La banlieue, les quartiers populaires des villes, l'univers nocturne des cités suburbaines confèrent à ces romans leur tonalité propre. C'est moins le monde du roman policier américain que le « polar » français du cinéma des années 1950-1970 qui est revisité. Mais Jean Echenoz sait élargir constamment ce vagabondage à la dimension de la planète entière, de la Malaisie au Pôle (Je m'en vais) comme pour nous offrir une version postmoderne des Voyages extraordinaires de Jules Verne.
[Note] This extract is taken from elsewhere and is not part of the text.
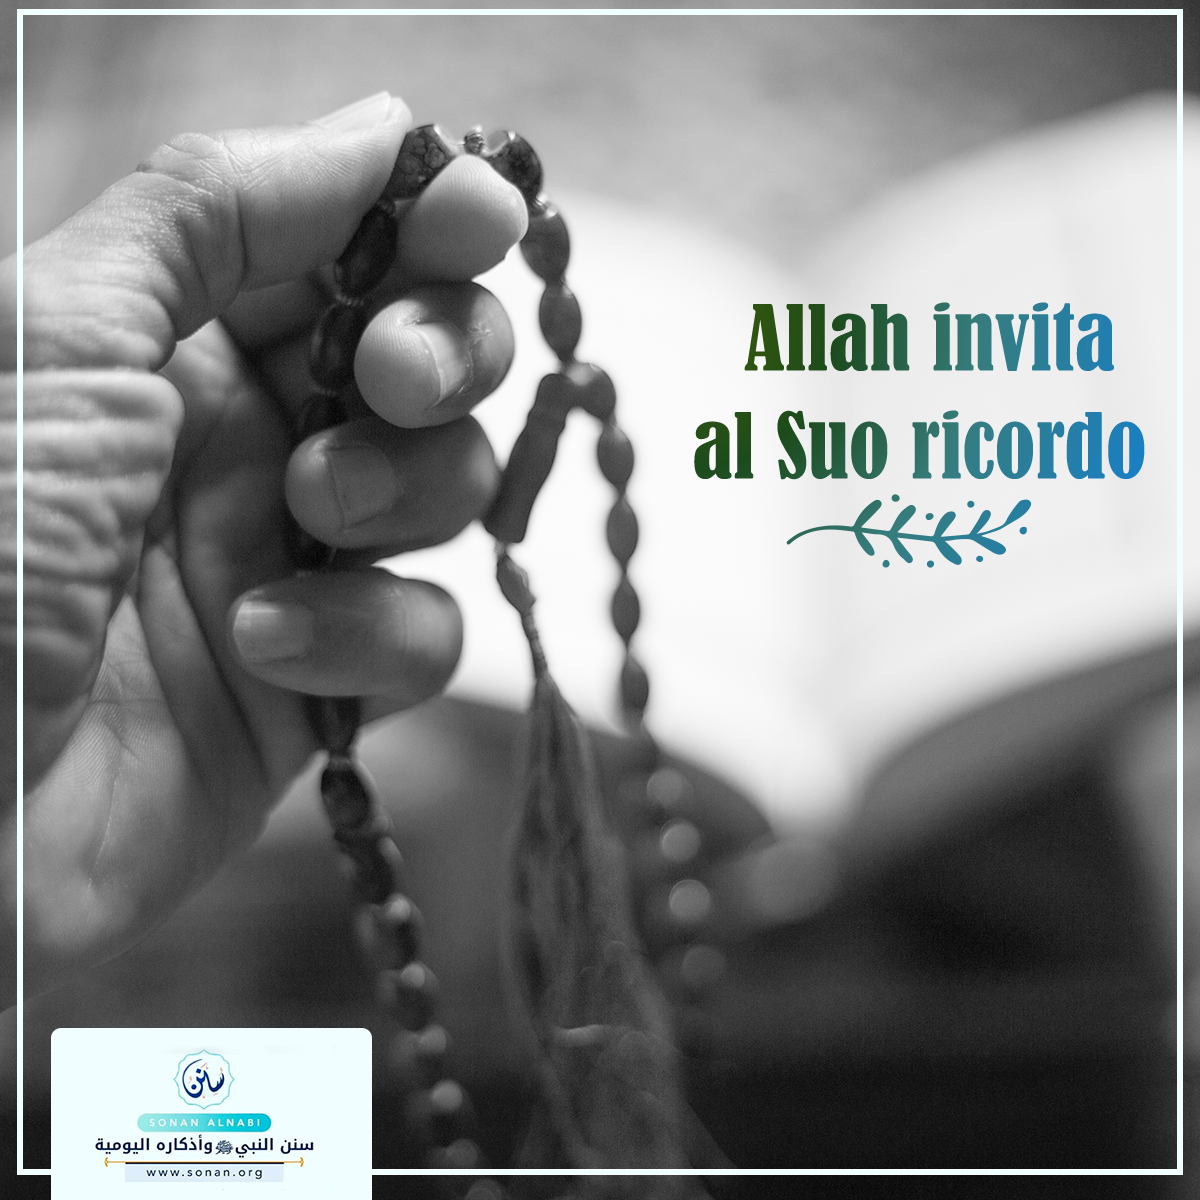 Allah invita al Suo ricordo

Aussi a-t-il souvent déclaré écrire des « romans géographiques, comme d'autres écrivent des romans historiques ».

Bien que l'auteur ne professe aucune théorie du roman autre que négative, ces œuvres constamment en quête d'un site susceptible de mettre fin à l'errance, participent d'un « réalisme » flaubertien et renvoient souvent à des éducations sentimentales, à des « équipées » du ratage dont Bouvard et Pécuchet demeure l'archétype. Un long travail de documentation en prépare l'écriture, qui se fait aussi exploration des « lieux communs » et des stéréotypes. Jean Echenoz se nourrit des images véhiculées par la société (Les Grandes Blondes), en inventorie les clichés pour en extraire la dimension mythographique. Le discours scientifique nourrit également l'invention verbale, comme dans Lac ou Je m'en vais, tandis qu'une aventure plus souterraine organise ces histoires : celle des mots et des « paroles gelées » dont le roman n'est plus que le développement thématique.
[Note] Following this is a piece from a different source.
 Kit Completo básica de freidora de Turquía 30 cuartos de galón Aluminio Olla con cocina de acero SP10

« Fabriquer des romans », tel est le simple vœu de Jean Echenoz. La singularité de son univers pourrait certes participer des philosophies de l'altérité, des esthétiques de la différence et de l'écriture nomade (Gilles Deleuze), ou encore de la conception d'un sujet ne trouvant à survivre que dans la multiplication d'histoires « pauvres » (Samuel Beckett). Mais avec ce génie de la « reprise » propre aux amateurs de jazz, il a su décaler son univers romanesque vers des traditions littéraires comme la sotie, et plus globalement, vers les récits excentriques chers à Sterne et à Diderot. Ainsi son œuvre invente un art du déplacement qui explore l'imaginaire de notre époque. Ce déplacement peut être réel, comme dans Au piano (2002) qui conduit son protagoniste du parc Monceau à l'Amérique du Sud, en passant par une étrange clinique. Il peut aussi prendre la forme d'une sorte de vertige immobile, comme dans Ravel (2006), variation virtuose qui décèle, dans la biographie du musicien, cette part d'insondable qui fait le fond de l'œuvre de Jean Echenoz.